Statistical Inferencing

Statistical inference is the process of choosing a statistical model $p_\theta$ that generates observed data $X$ and inferring properties about its parameters $\theta$.

Bayesian Framework

In the Bayesian framework, $\theta$ is treated as a random variable with prior distribution $p(\theta)$. We assume data is generated according to $p(X \mid \theta)$, called the conditional, and use the posterior $p( \theta \mid X)$ to make inferences about $\theta$.

$$ p(\theta), \space p(X \mid \theta) \rightarrow \fbox{\text{data generation}} \rightarrow \{x_n\}, \space p(\theta \mid X) \rightarrow \fbox{\text{inference}} $$

Given a conditional $p(X \mid \theta)$, if the prior $p(\theta)$ is in the same distribution family as $p( \theta \mid X)$, then it is called the conjugate prior of $p(X \mid \theta)$.

Frequentist Framework

In the Frequentist framework, $\theta$ is treated as a fixed parameter. We assume data is generated according to $p(X ;\theta)$, called the likelihood, and use this to make inferences about $\theta$.

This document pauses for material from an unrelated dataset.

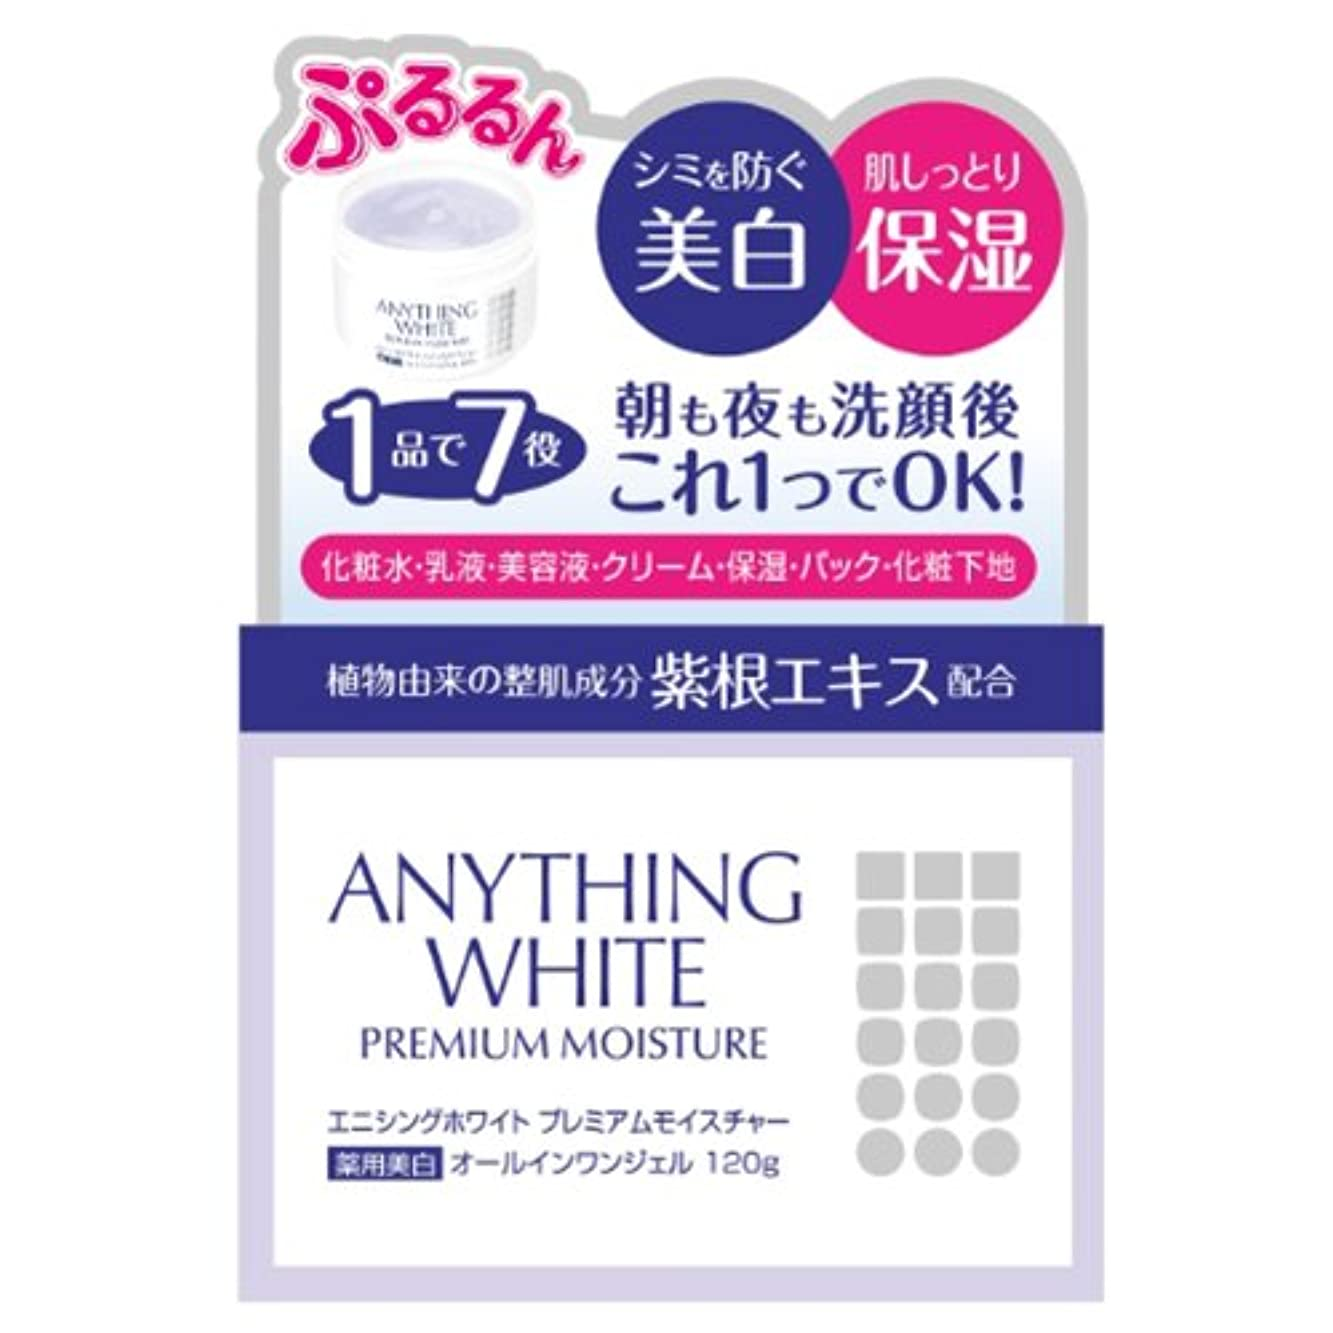 残りバッグ冷えるエニシングホワイト プレミアムモイスチャー 120g

$$ p(X;\theta) \rightarrow \fbox{\text{data generation}} \rightarrow \{x_n\} , \space p(X;\theta) \rightarrow \fbox{\text{inference}} $$


Point Estimates

An estimate $\hat{\theta}$ of $\theta$ that gives a single numerical value is called a point estimate.

Bayes Estimators

Estimators which minimize the expected posterior loss (expectation over data and parameters) are called Bayes estimators.

$$ \theta_f=\argmin_{\hat{\theta}(\cdot)} \mathbb{E}_{\theta \sim p(\theta), X \sim p(X \mid \theta)} [f(\hat{\theta}(X), \theta)] $$

Maximum a Posteriori Estimate

The maximum a posteriori estimate $\theta _{MAP}$ is obtained from choosing the parameter value that maximizes the posterior density.